Dot Walker

“Painting is an act of worship for me”


October 2021

Creatively, how did you get to where you are today? 

I think I was born with the mindset of wanting to create and have made art since early childhood. However life got in the way and I ended up studying nursing after leaving school. Ultimately it was a good choice as it allowed me to see life and travel extensively and attend Glasgow art school evening and summer school while having a reliable income. I tried every evening class they had to offer but drawing and painting always came up trumps. I decided to take a leap in my thirties – I left my nursing career and did a portfolio year at GSA followed by a year learning life painting at a small classical atelier in Sydney Australia- two polar opposite art schools, GSA being quite conceptual and the Sydney school being almost entirely technical.  Since then I haven’t looked back, I’ve developed my painting by a process of experimentation and practice. My studio is in a shared complex with other artists and we bounce off each other’s creative energy which is wonderful!

Your work is very colourful and also dark and moody, can you explain the opposing forces? 

I live in the north of Scotland which has a very particular light and tends to have some dramatic weather. My dark and moody yet vibrantly colourful work is simply a reflection of the landscape that surrounds me as I see it.

Could you tell us about your creative process? 

Painting is at best an act of worship for me, an emotional response to the landscape. I spend a lot of time outdoors, walking on nearby beaches and hills, or kayaking along the coast to see the landscape from a different perspective. I always carry a small sketchbook and a tiny watercolour set and some charcoal or ink in my pocket and try to sketch every day outside even if only for 10 minutes. These are rough but will fix an idea in my mind, especially if I write some words beside them to remind me how I was feeling. Sometimes if conditions are right I will start and finish a painting en plein air within a day but more commonly I’ll take my sketches into the studio and work them up from there. Ultimately when painting landscape I’m mainly interested in atmosphere and I’m always chasing that enigmatic light! 

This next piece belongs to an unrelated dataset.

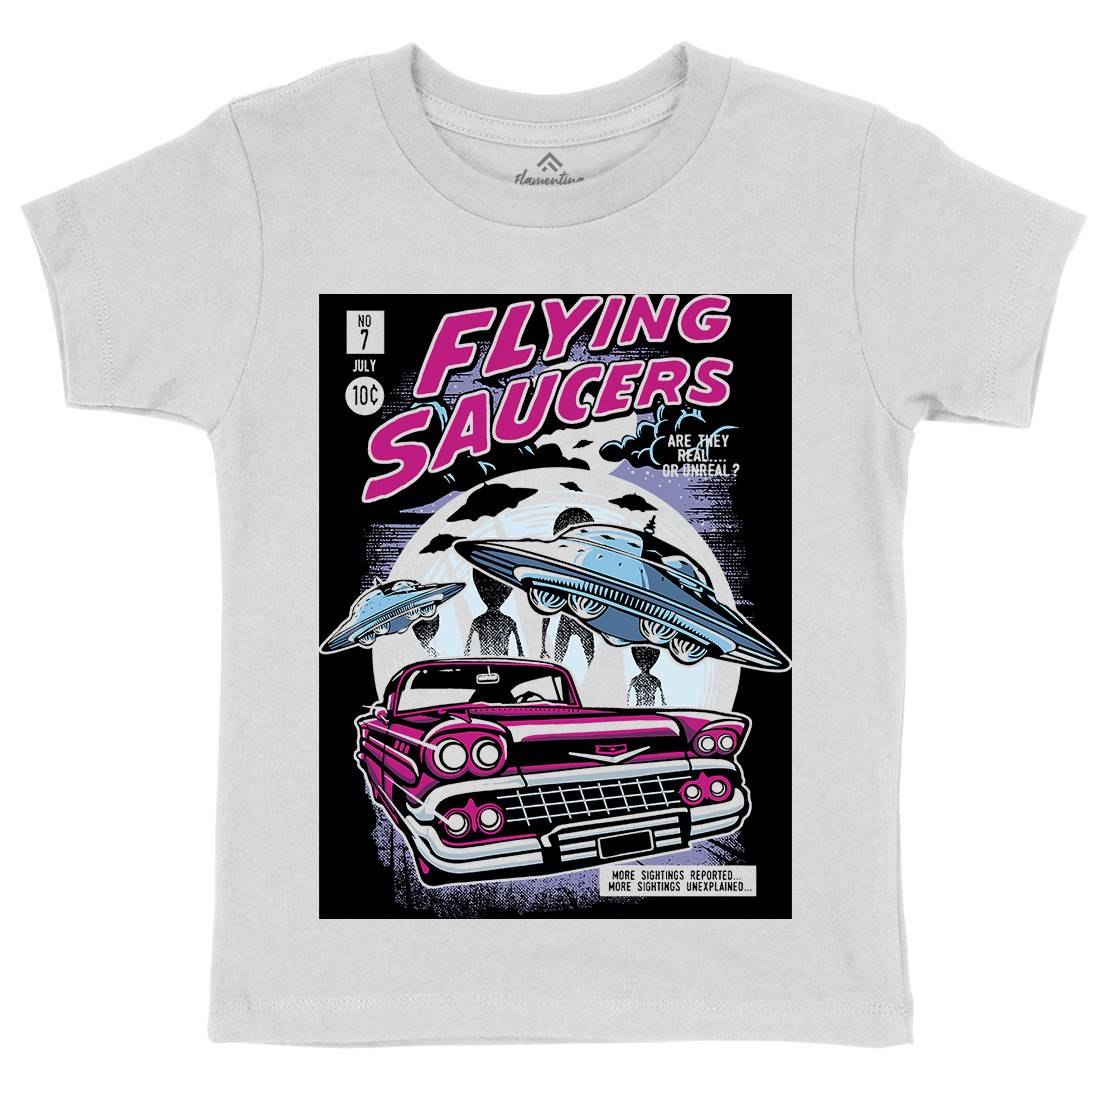 Flying Saucers Kids Crew Neck T-Shirt Space A531

“These moments fill me with awe and remind me of my (tiny) place in the universe”.

Which artists have influenced you the most? 

As a Scot I was raised on the work of the Glasgow boys and they still hold a special place for me. They were a small group who, in late 19th century revolutionised Scottish painting and ushered in modernism. James Guthrie in particular painted very evocative paintings of highland life.  Other Scottish landscape painters whose work I go to for inspiration are Joan Eardley and James Morrison, who lived and painted in small villages on the east coast. Surprisingly maybe, contemporary artists whose work sparks me are mostly figurative painters, like Casey Baugh who paints figures in cityscapes. Ultimately I’m interested in light on form, no matter what  the subject is. 

Some of the colours in your painting are astonishing, can these be seen in the Scottish landscape or are they an amplified interpretation?

I don’t think my colours are really amplified but maybe I tend to go for the ‘wow’ moments, the times when the light bursts through the rain clouds or comes blindingly through the trees and almost transcends the natural. These moments fill me with awe and remind me of my (tiny) place in the universe. Of course Scotland can have its grey days but the colours can also be very intense due to the dark skies and strong northern light. 

What other locations/ areas of the world do you like to paint? 

I’ve had the privilege of living and working for significant periods of my life in other parts of the world, most recently Nepal which is a joy to paint with its colourful life and stunning mountains. I do love to paint and draw as a way to get to know the bones of a new place, but there’s kind of a rugged honesty about the north of Scotland that always draws me back. 

Your subjects are very diverse, what inspires you to paint a particular subject? 

I’m ultimately interested in light on form, whether that be landscape, human form or object. I always carry a sketchbook so will draw anything or anyone that comes across my path!

Have you ever had a creative block and if so how did you push through it? 

I do have the odd day of watching Netflix and eating my way through the fridge, but to be honest I more often suffer from overload of ideas, so that I struggle to complete work before moving on. If I ever do have a slump it’s usually with an exhibition deadline looming or a commission that isn’t really sparking me up. When it does happen I don’t go to the studio, I get out in the forest or beach with some good music on and just walk until I find my centre again. 

What is the next creative step for you? 

Ive just had a sketching trip to Caithness at the northern tip of the country and am really inspired by the coastline up there- the drama of the cliffs and weirdly shaped stacks, rising out of the sea, big skies and of course that intense northern light. Parts of it are also pretty isolated, only seals for company. So I think I will be back up there a few times over the coming months to see how it changes through the winter. I have some large blank canvases at the ready!